The Australian economy has entered unchartered territory and needs a bigger, more engaged workforce in order to grow, according to Westpac’s Australian Financial Services chief executive Brian Hartzer.
Addressing the Trans-Tasman Business Circle in Sydney today, Hartzer explained how the rise of China and India, evolution of the mining sector, aftermath of the GFC, ageing population and new technology were converging to “materially impact on Australian growth”.
Hartzer – who was educated in the US and is widely tipped eventually to succeed Gail Kelly as Westpac Group CEO – had three recommendations for improving productivity: a bigger workforce; more fulfilling jobs; and better access to work opportunities.
On the first point, he noted that Australians viewed the job market differently from people in the US, Asia and Europe, translating top “a rather equivocal view of immigration”.
Here’s what he said:
[There is in Australia] the belief that economic opportunity is limited – like a cake where the more you slice it, the smaller each piece must be.
This translates to a very rigid view of how a “job” must be defined, how it is scoped and how it’s paid. It also leads to a rather equivocal view of immigration.
The truth, of course, is that more people working and contributing to the economy actually means more opportunity (and more cake!) for everyone.
So it should be the objective of business, policy makers, organised labour, and the media to remove barriers to work.
Hartzer called for more flexible workplaces and better access to child care and disability support to help people re-enter or remain in the workforce.
He added that Australia needed “a more enlightened national view of immigration”, especially as the economy transitioned from relying heavily on the resources sector to more knowledge-based sectors.
I recognise this is a politically charged topic.

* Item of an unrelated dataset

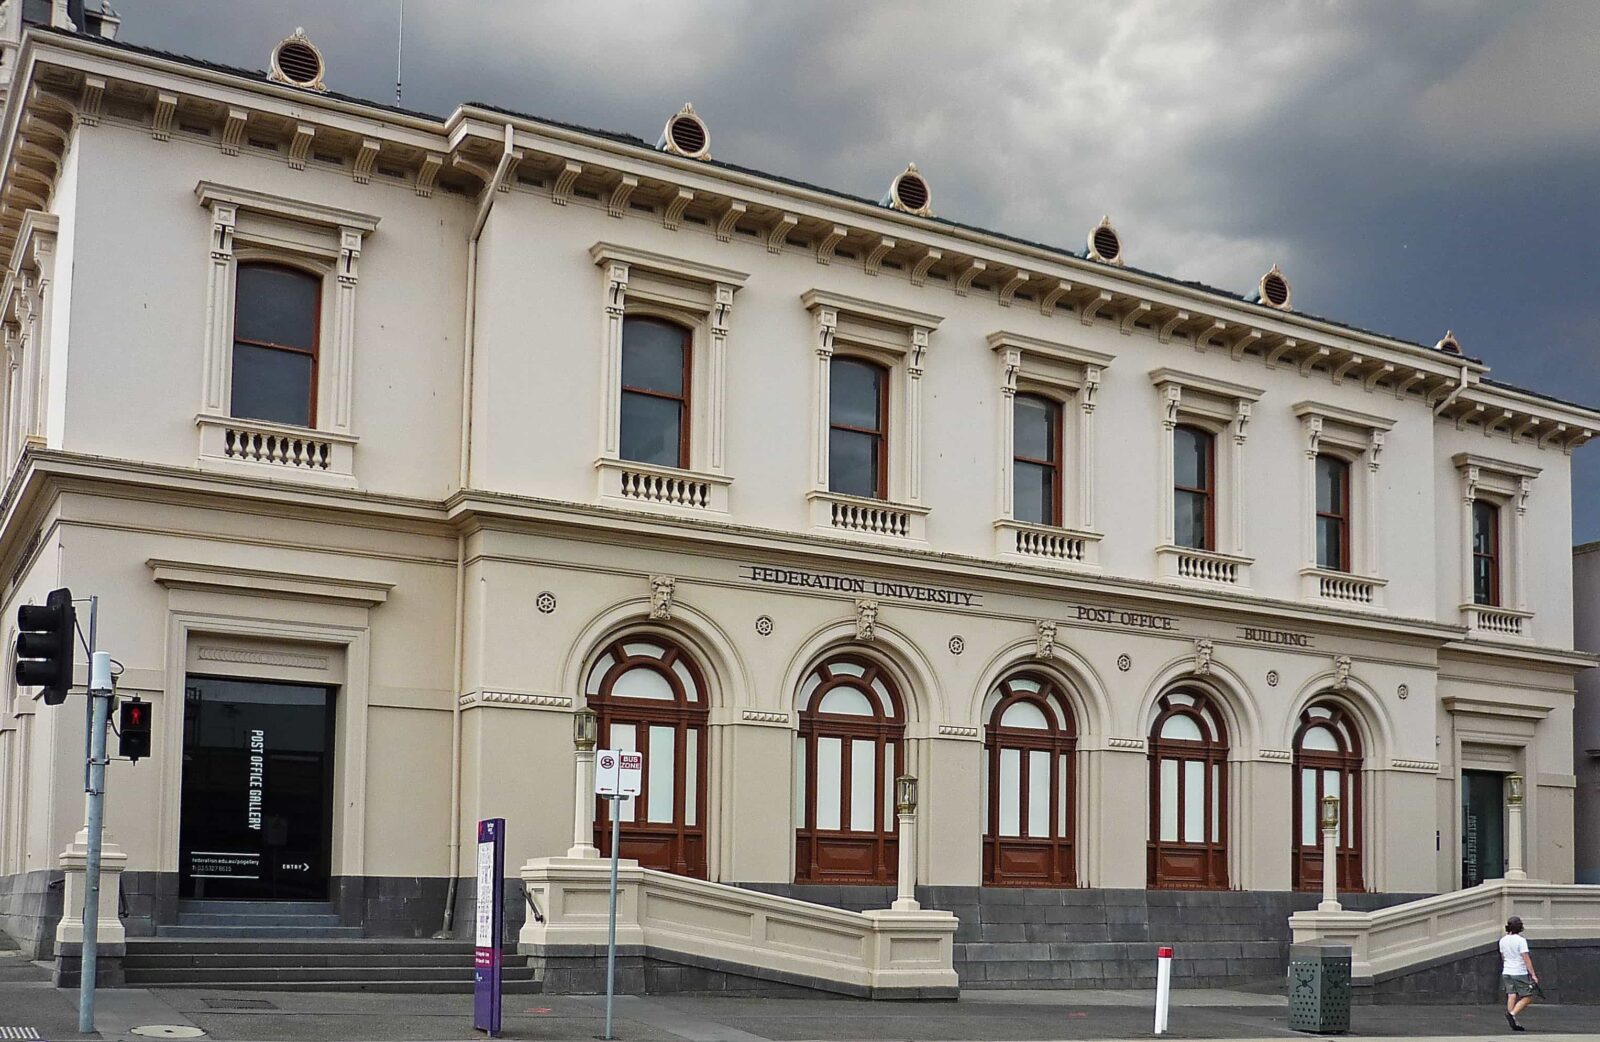 Post Office Gallery, Sturt St, Ballarat

But if we are to grow, compete successfully, and reach our national potential, we simply must increase the size of our skilled workforce.
According to the Economist magazine, 40% of the US Fortune 500 companies were founded by immigrants or their children, as were 7 out of 10 of the world’s most valuable brands.
And in Silicon Valley, 40% of startups have an immigrant founder (including Google, Ebay, Facebook, Yahoo, and arguably Apple, since Steve Jobs’ father was a Syrian immigrant.
And where would Australia be without entrepreneurs like Frank Lowy, Harry Triguboff and Victor Smorgon, or world-renowned research biologist Sir Gus Nossal, the late heart specialist Dr Victor Chang, and the inventor of spray-on-skin, Dr Fiona Wood?
My point is that skilled immigration and innovation are connected.
And there is increasing evidence that for our economy to grow — and for Australia to develop alternatives to the resources sector — we need innovation industries.
That’s because technology companies, advanced manufacturing, biotech, and so-called traded services — like law, consulting and architecture — employ higher-paid people from whom a larger share of earnings flows back into the community through their consumption of local services such as home renovation, house -keeping and hair-dressing.
In short, you need a source of fresh money to drive the economy, and skilled knowledge workers provide that drive.